**TASK PROMPT**
Every line of the material is to be quoted verbatim, minus the pictures.

**DATASET EXCERPT**
· · ·
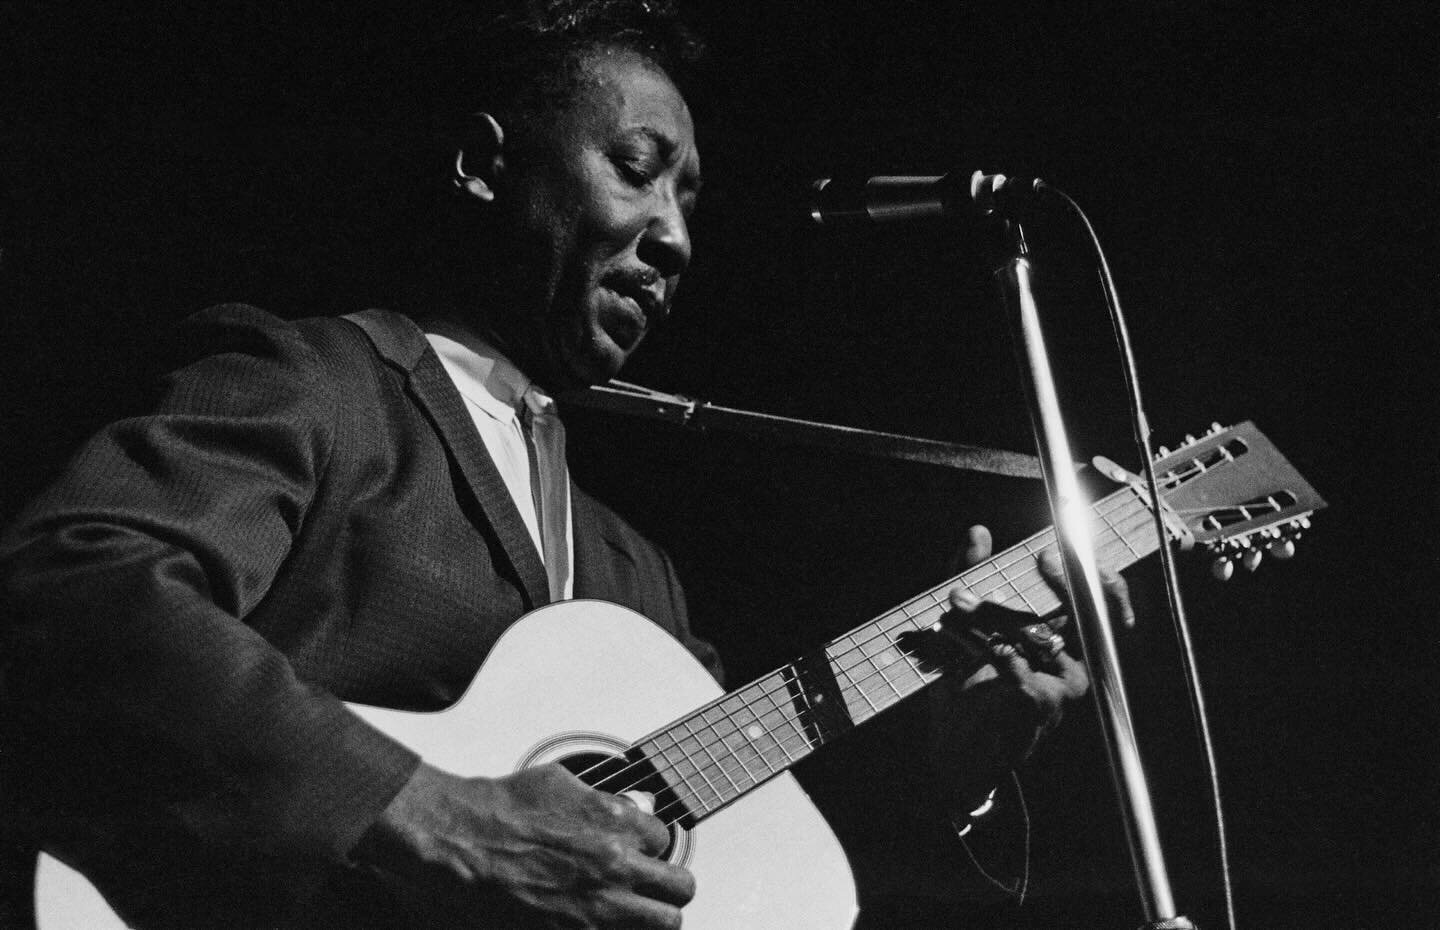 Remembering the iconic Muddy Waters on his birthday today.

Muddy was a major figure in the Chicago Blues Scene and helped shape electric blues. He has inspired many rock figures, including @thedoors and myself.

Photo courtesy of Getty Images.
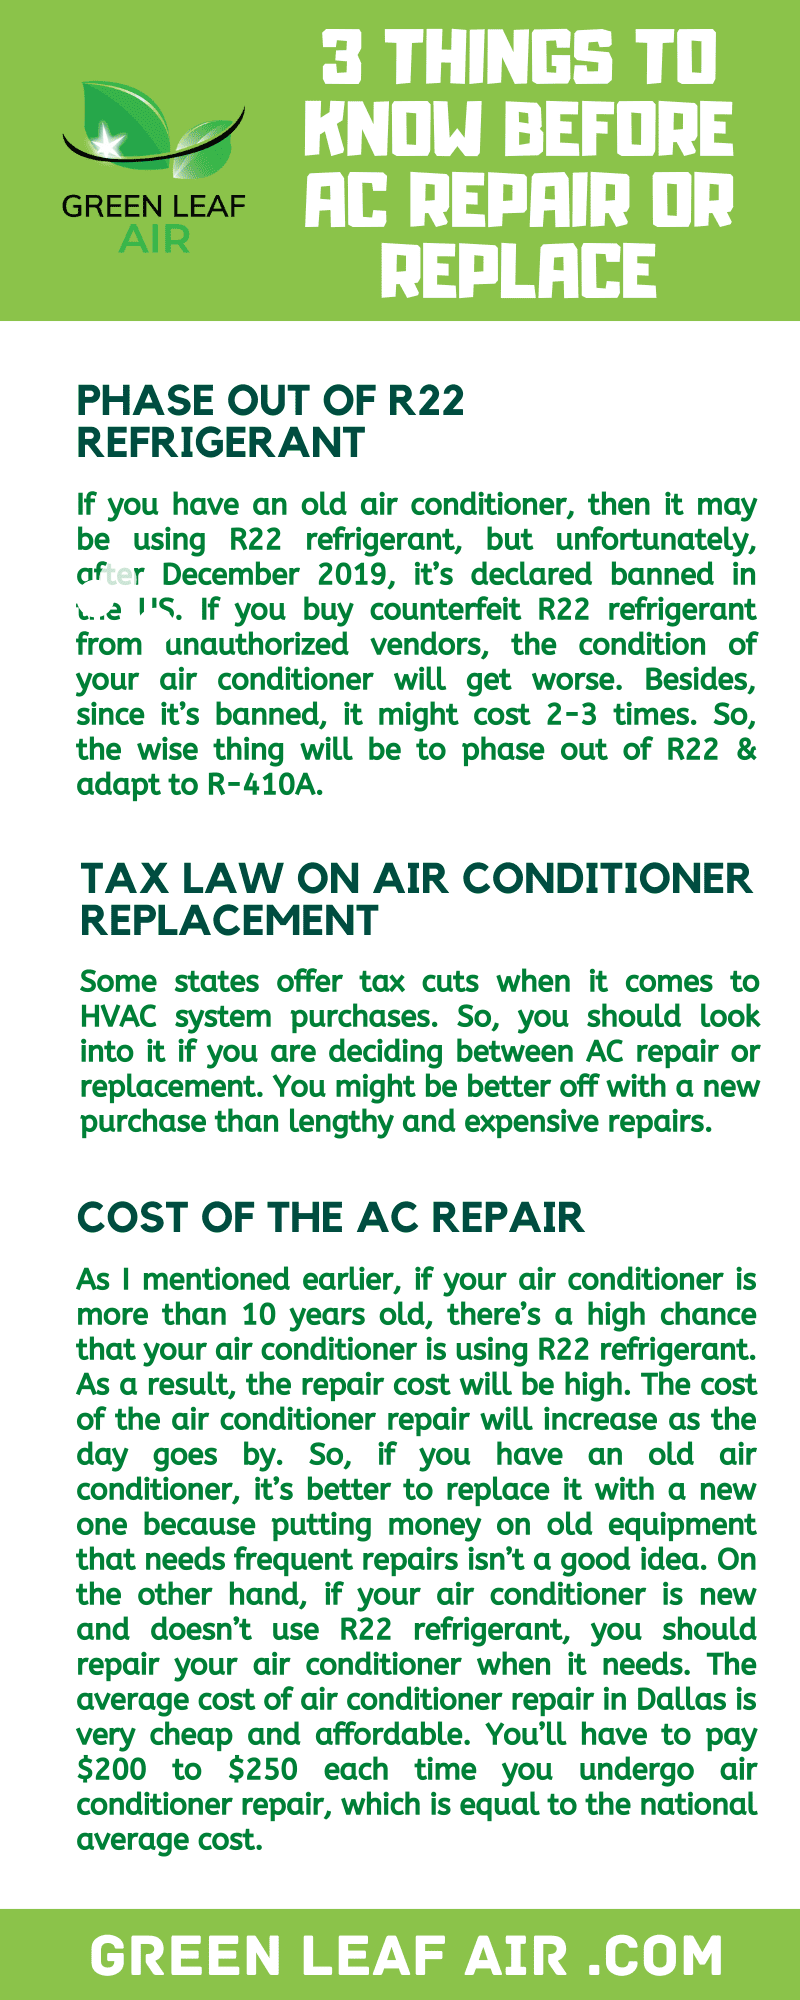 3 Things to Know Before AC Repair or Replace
· · ·
**RESULT**
 Remembering the iconic Muddy Waters on his birthday today.

Muddy was a major figure in the Chicago Blues Scene and helped shape electric blues. He has inspired many rock figures, including @thedoors and myself.

Photo courtesy of Getty Images.
 3 Things to Know Before AC Repair or Replace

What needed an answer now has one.